The accumulation of waste sparked widespread anger in Sfax, where thousands protested last week saying the authorities were deliberately killing them and violating their rights.
Escalation over reopening
Late on Monday, the Ministry of Environment reopened the closed landfill, despite a judicial decision prohibiting that.
Witnesses said when workers began collecting waste and transporting it to Agareb, hundreds of young people gathered, rejecting the decision, which prompted police to fire tear gas to disperse them.

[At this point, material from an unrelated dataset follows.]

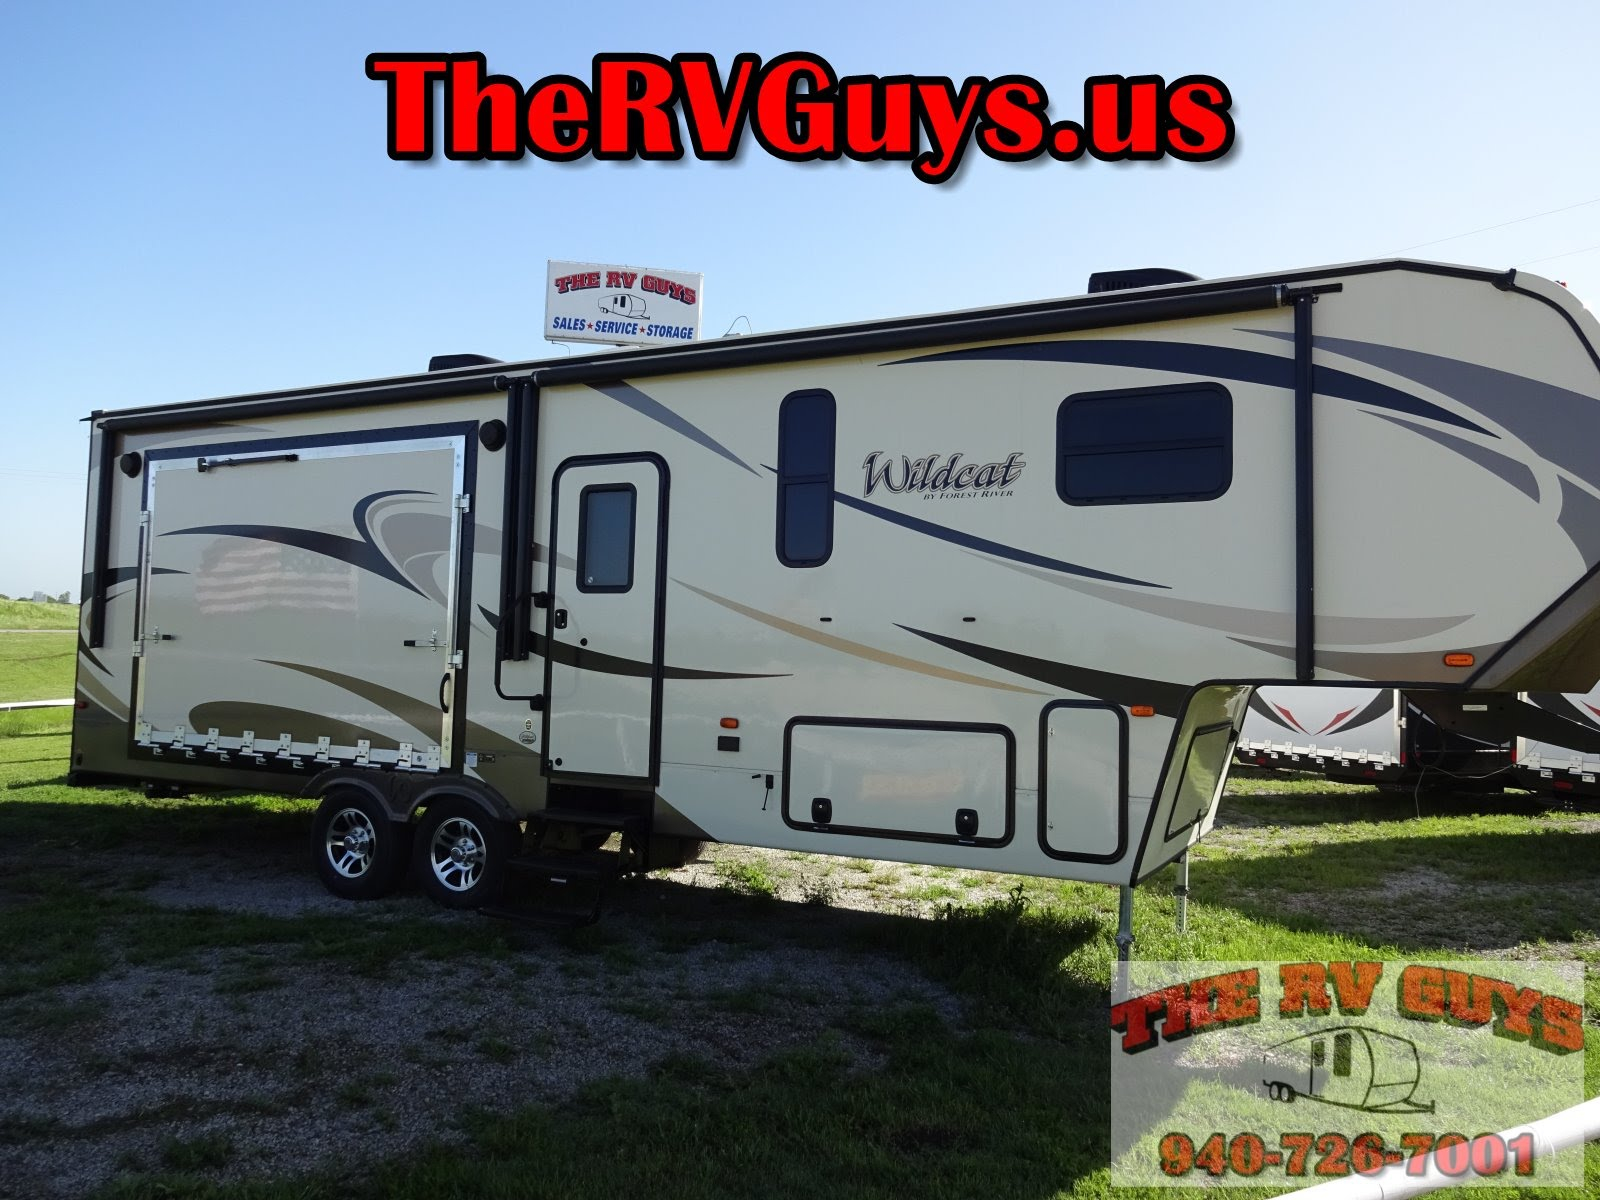 This Cool Residential 5th Wheel Is Complete With Elevated Patio Deck inside sizing 1600 X 1200

On Tuesday, Tunisian protesters angered by the decision to reopen the landfill set fire to a police station, witnesses said. Violent confrontations took place on the town’s streets as police fired tear gas to disperse protesters trying to block roads and throw stones at them.
The incident is the first serious test facing Najla Boden’s government, appointed by president Kais Saied last month, in how to respond to protests over poor public services and fragile social and environmental conditions.
Saied has faced mounting criticism since he assumed executive authority in July, brushing aside most of the constitution to seize almost total power in what critics have described as a coup.
Saied unveiled a new government in October and has promised a national dialogue, but has yet to lay out a detailed plan to restore normal constitutional order.